DATASET CONTENT =>

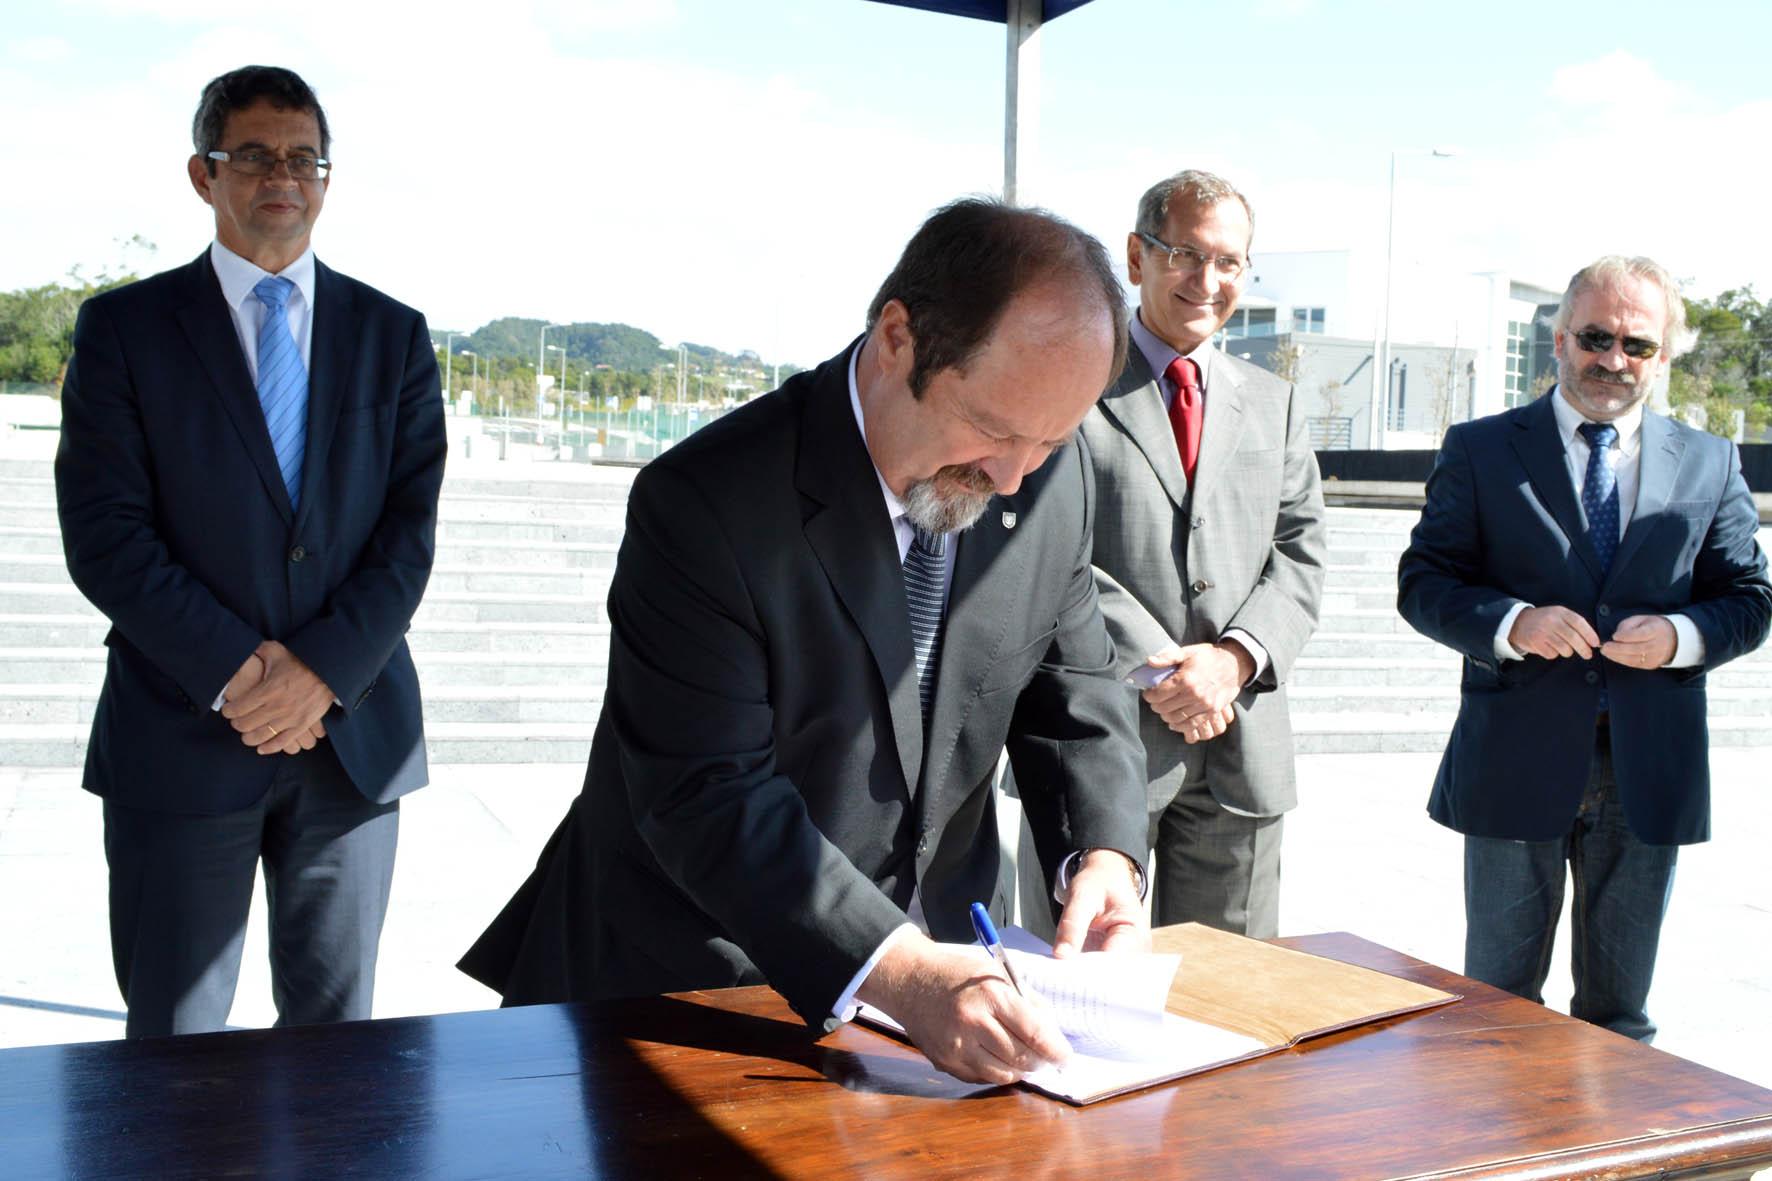 Parque de Ciência e Tecnologia de São Miguel é local previligiado para pôr talentos a render, afirma José Contente
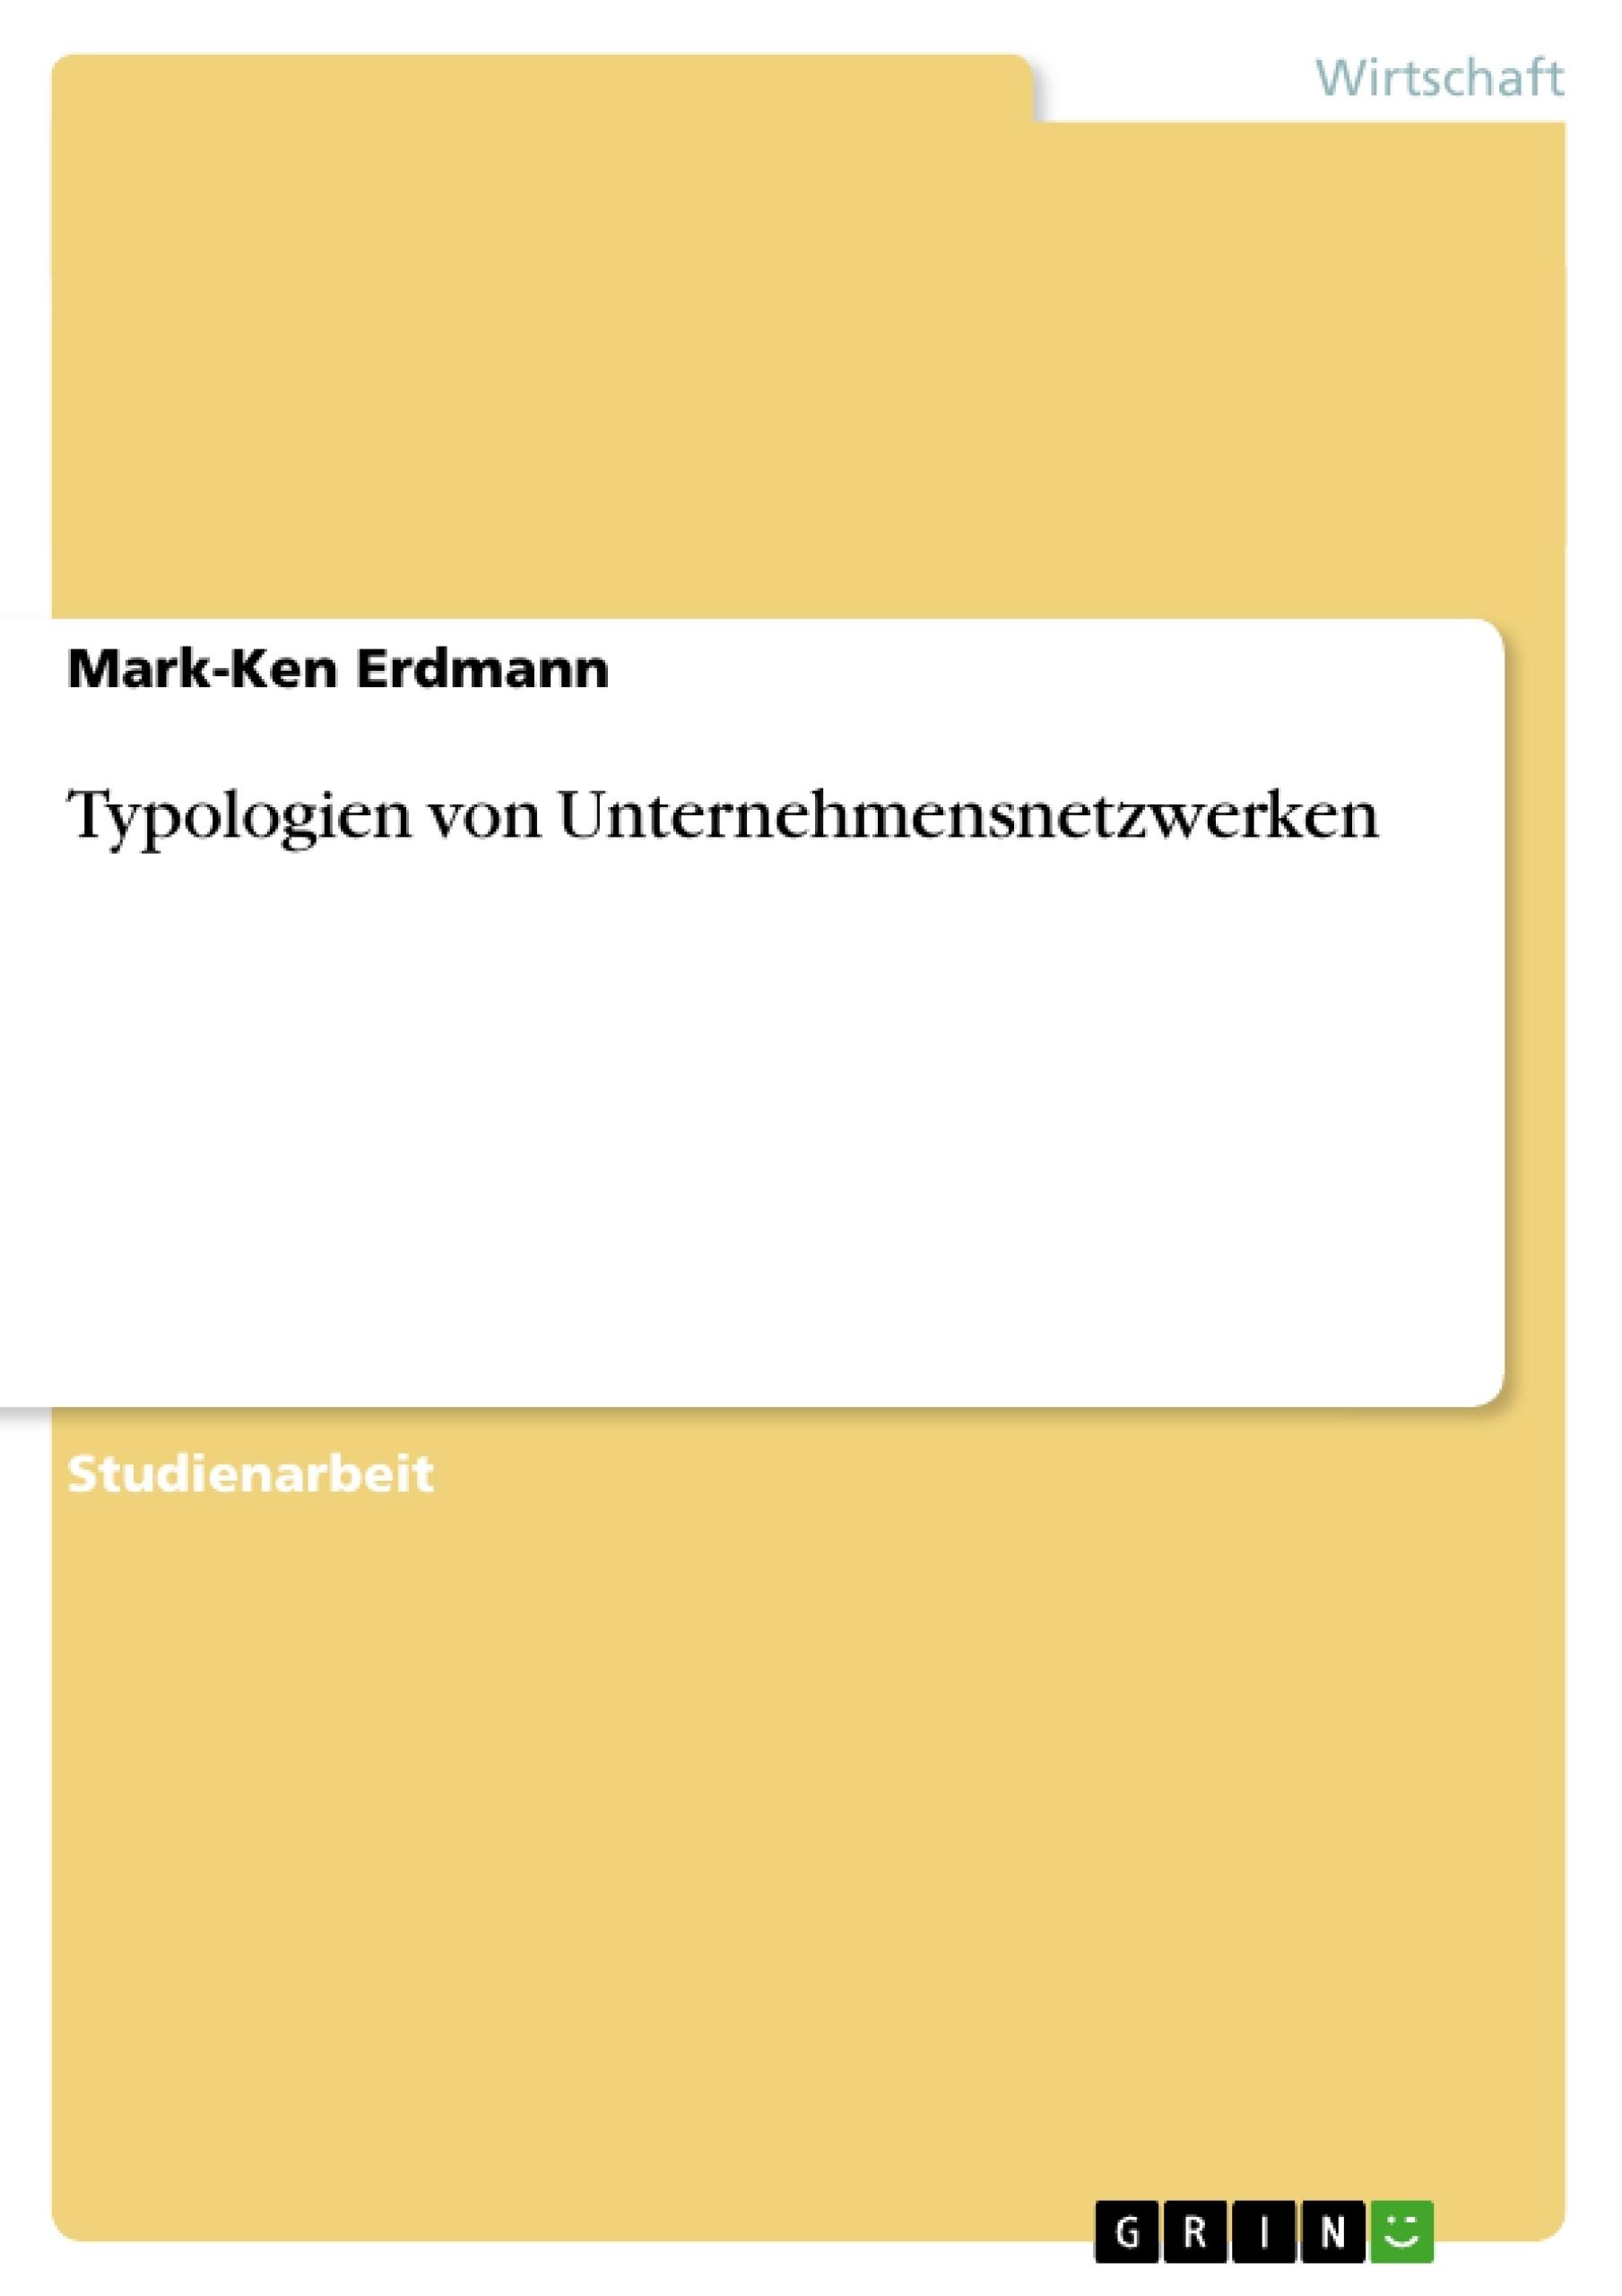 Titel: Typologien von Unternehmensnetzwerken
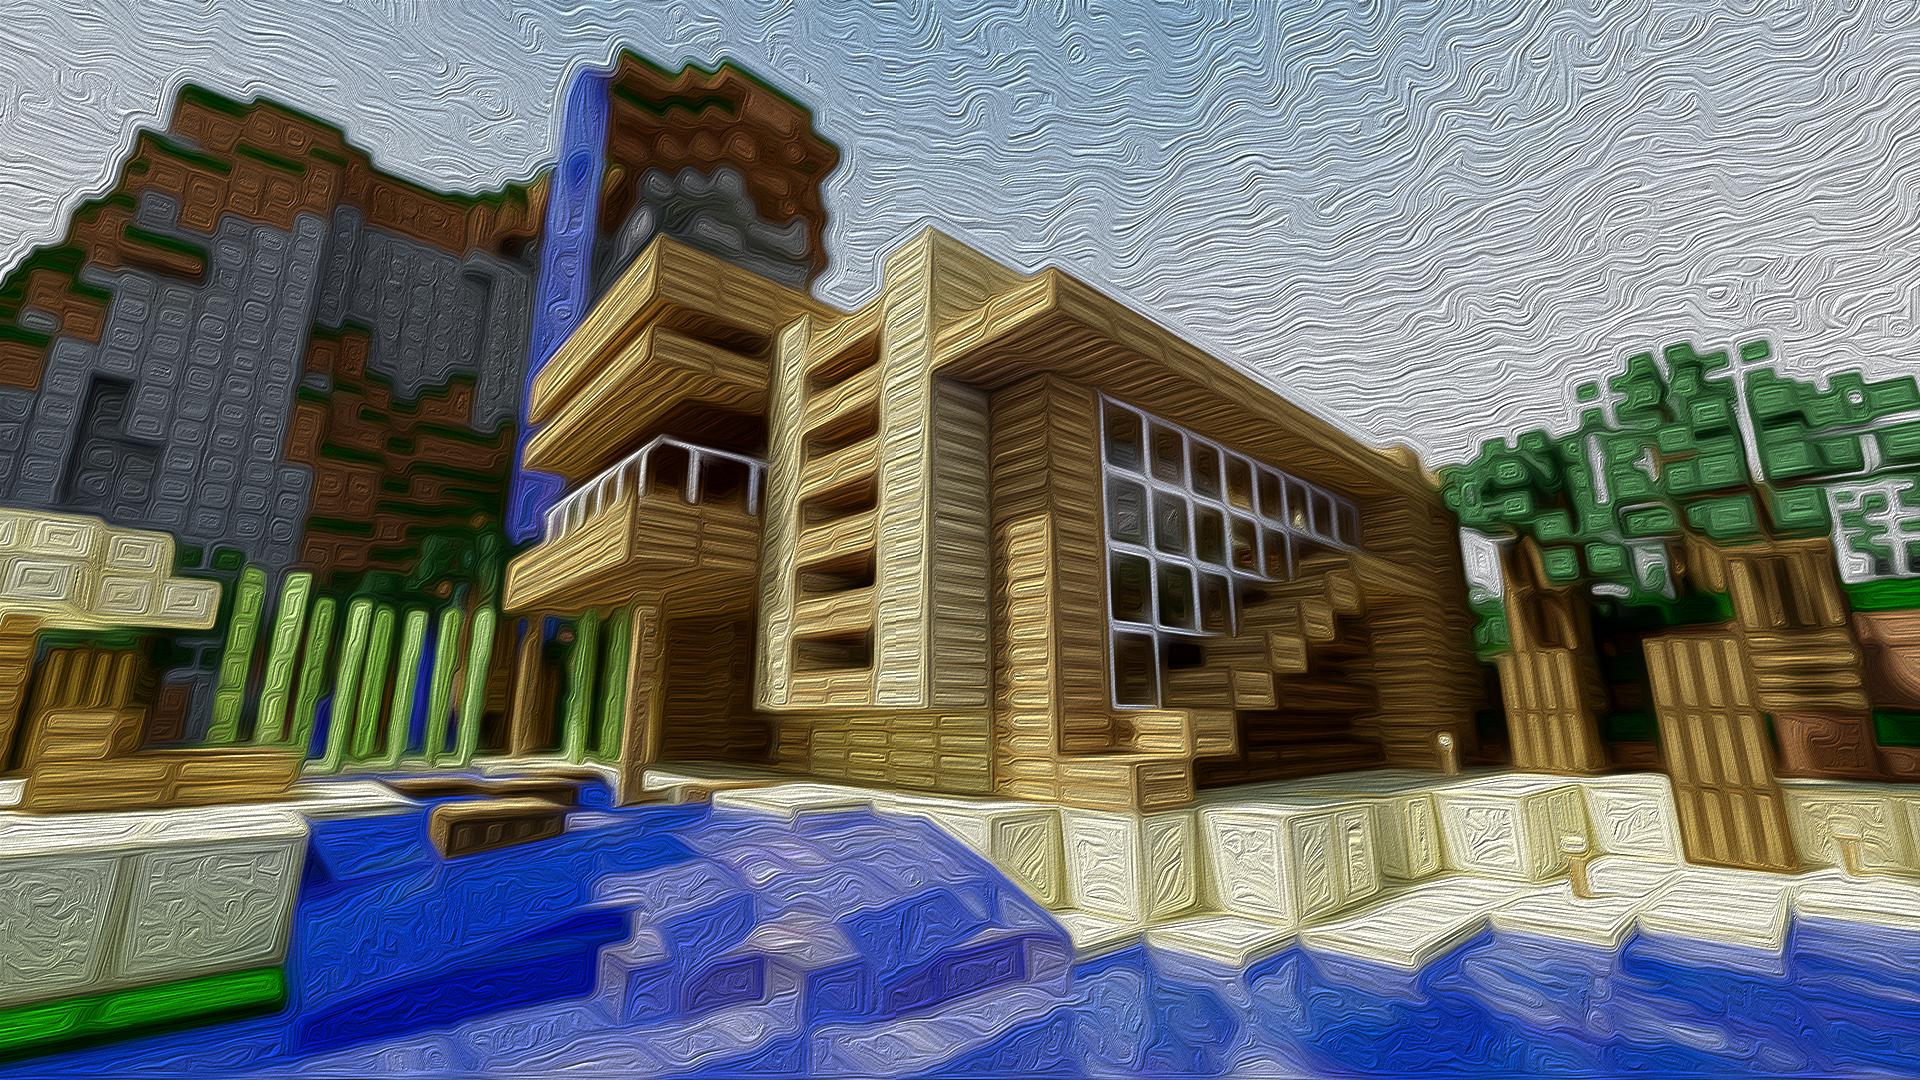 Maison en bois moderne avec une rivière dans minecraft

TO DO => Drop the pictures and copy the data exactly.

ANSWER TO THIS EXERCISE =>
 Parque de Ciência e Tecnologia de São Miguel é local previligiado para pôr talentos a render, afirma José Contente
 Titel: Typologien von Unternehmensnetzwerken
 Maison en bois moderne avec une rivière dans minecraft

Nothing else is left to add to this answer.